It's not a convenience addition for people who already find compression socks manageable.

 

The zipper exists because traditional compression requires a woman to pull a tight tube over her foot. 

 

Which requires bending forward, leveraging downward, and reaching past whatever is in the way.

 

At thirty-one weeks, what's in the way is everything.

 

The zipper removes that requirement entirely.

 

The sock wraps around the leg instead of being pulled over the foot.

 

The morning stays intact.

 

That's not a feature.

 

That's the answer to the problem this article just spent nine minutes proving

Try Soothe risk-free →

What Actually Changed

The physical things changed.

 

But the first thing I noticed wasn't the swelling.

 

It was that I stopped thinking about my legs.

 

That realization came somewhere between the parking lot and my desk, that nothing had interrupted the morning. No fight. No decision. No compromise.

 

By noon my shoes still fit. By 3pm I wasn't calculating which meetings I could sit through. The commute home didn't start at my ankles.

 

I went through the grocery store without a plan.

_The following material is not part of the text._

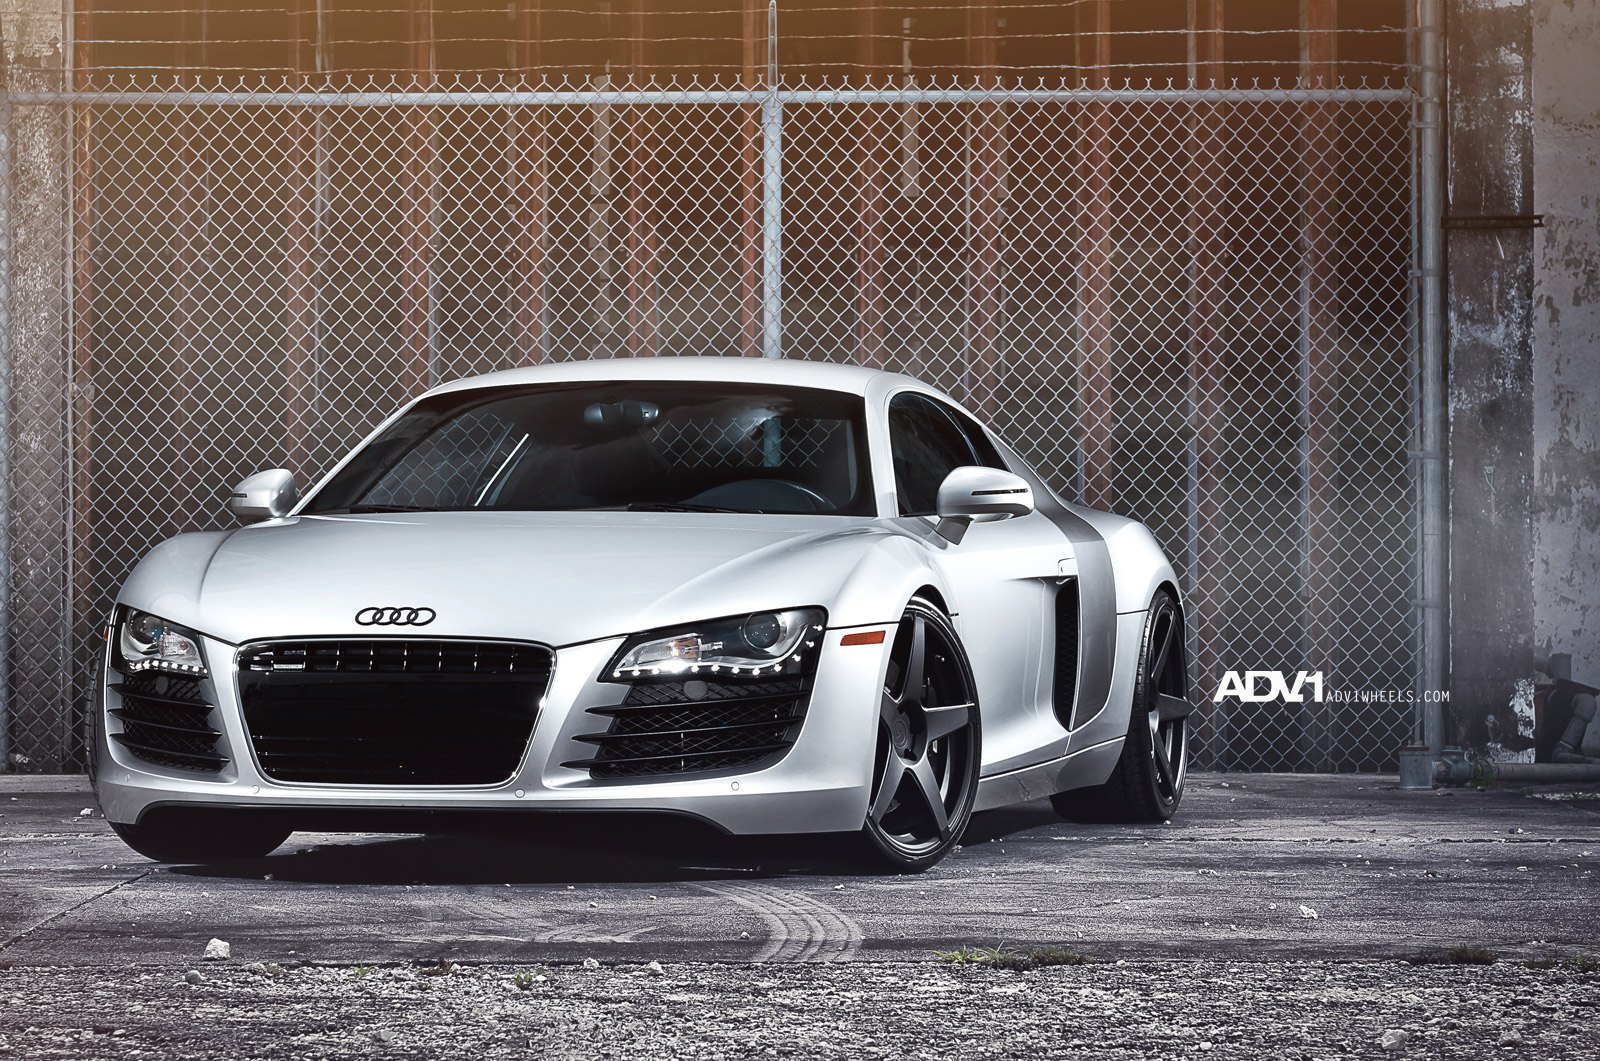 Silver Audi R8 with Aftermarket LED Headlights - Photo by ADV.1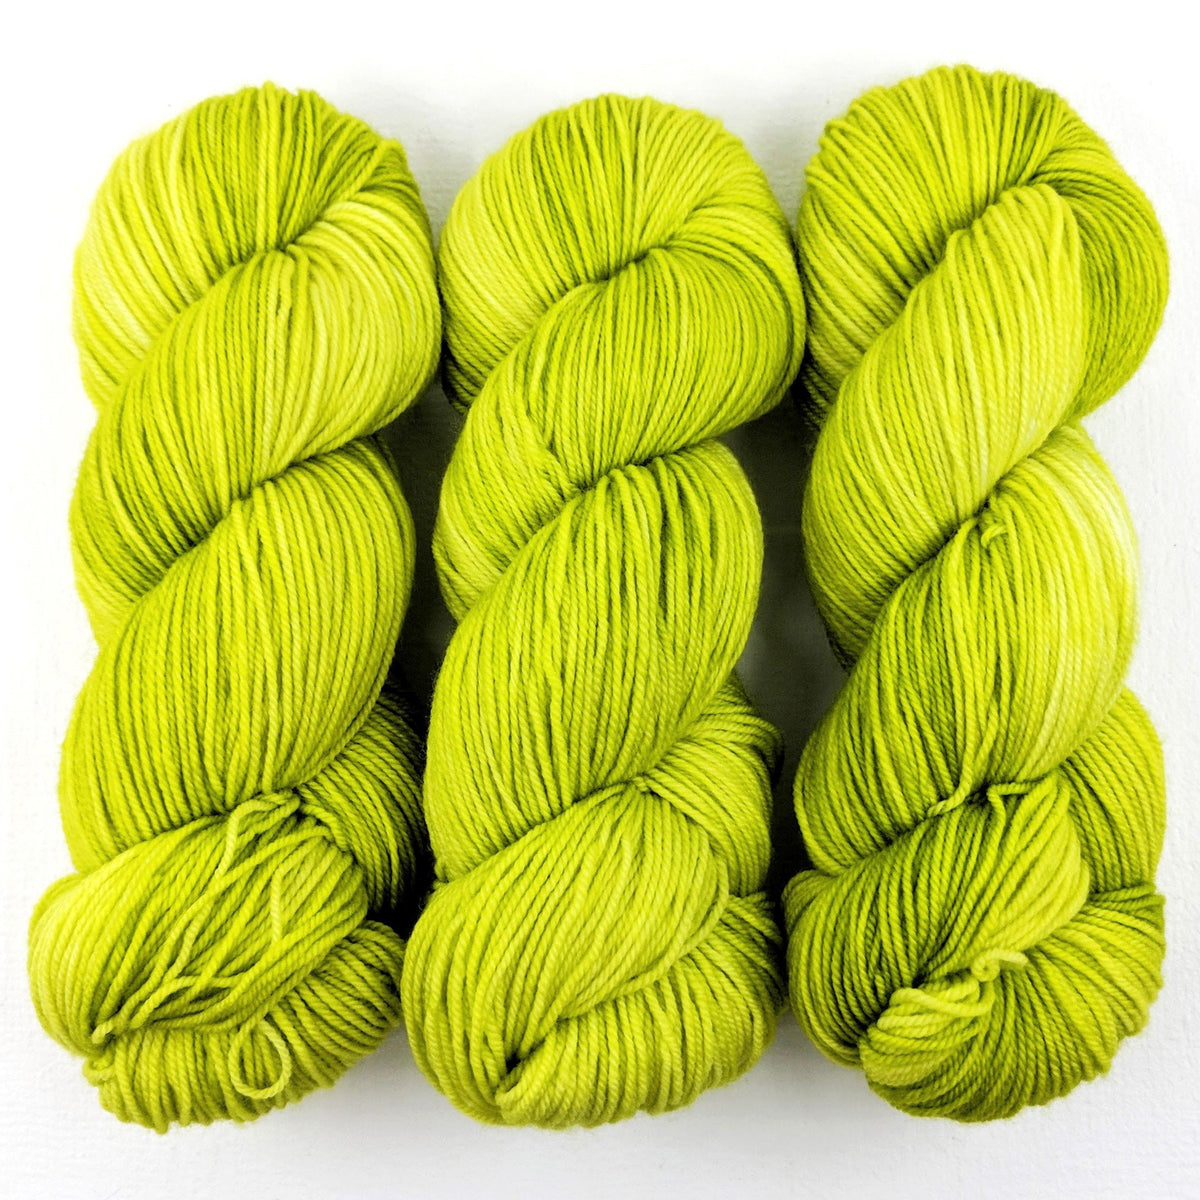 Soda Pop - Revival Worsted - Dyed Stock

I made dinner on a Tuesday without it being a decision.

 

I sat on the couch that evening not because I'd collapsed but because I wanted to.

 

My husband said something and I laughed and then I realized I hadn't thought about my feet since I woke up.

 

That is not some compression benefit.

 

That is an identity.

 

Soothe didn't give me a different pregnancy.

It gave me back enough of myself to actually be in the one I had.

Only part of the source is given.